AI Case Study

Affectiva classifies the emotion of anger from audio data in 1.2 seconds using a convolutional neural network

Affectiva has developed a convolutional neural network to identify anger in audio data. SoundNet has been trained on over 2 million videos and annotated audiovisual emotion data including video, speech, and text transcriptions. The system is able to understand the emotion in just 1.2 seconds regardless of the speaker’s language.

Industry

Project Overview

"MIT Media Lab spinoff Affectiva’s neural network, SoundNet, which can classify anger from audio data in as little as 1.2 seconds regardless of the speaker’s language — just over the time it takes for humans to perceive anger.

SoundNet consists of a convolutional neural network — a type of neural network commonly applied to analyzing visual imagery — trained on a video dataset. To get it to recognize anger in speech, the team first sourced a large amount of general audio data — two million videos, or just over a year’s worth — with ground truth produced by another model. Then, they fine-tuned it with a smaller dataset, IEMOCAP, containing 12 hours of annotated audiovisual emotion data including video, speech, and text transcriptions.

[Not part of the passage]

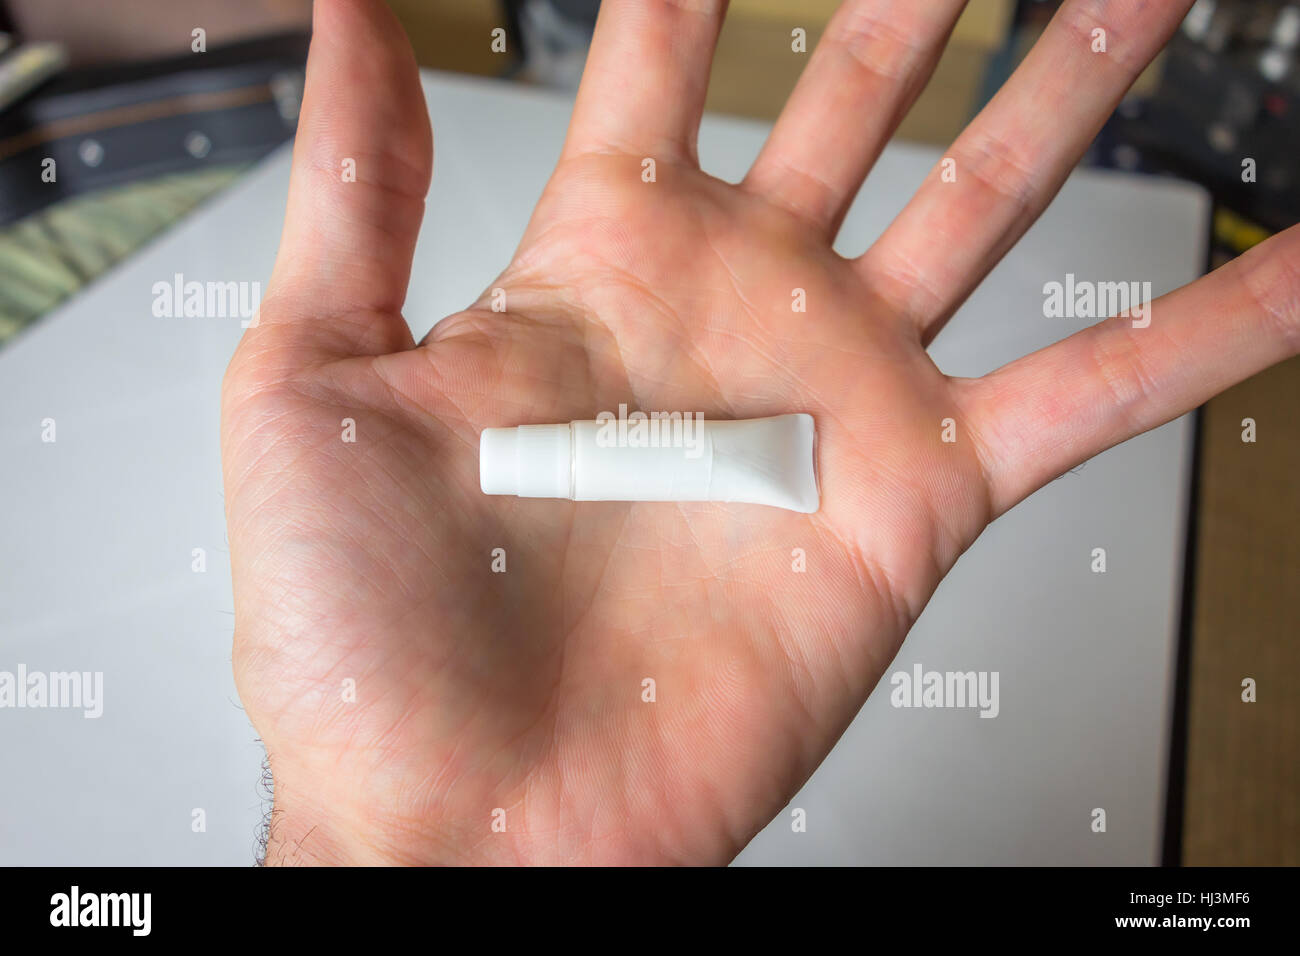 A tiny, unlabeled tube held in the palm of a hand. Stock Photo

To test the AI model’s generalizability, the team evaluated its English-trained model on Mandarin Chinese speech emotion data (the Mandarin Affective Speech Corpus, or MASC). They report that it not only generalized well to English speech data, but that it was effective on the Chinese data — albeit with a slight degradation in performance.

The researchers say that their success proves an “effective” and “low-latency” speech emotion recognition model can be significantly improved with transfer learning, a technique that leverages AI systems trained on a large dataset of previously annotated samples to bootstrap training in a new domain with sparse data — in this case, an AI system trained to classify general sounds.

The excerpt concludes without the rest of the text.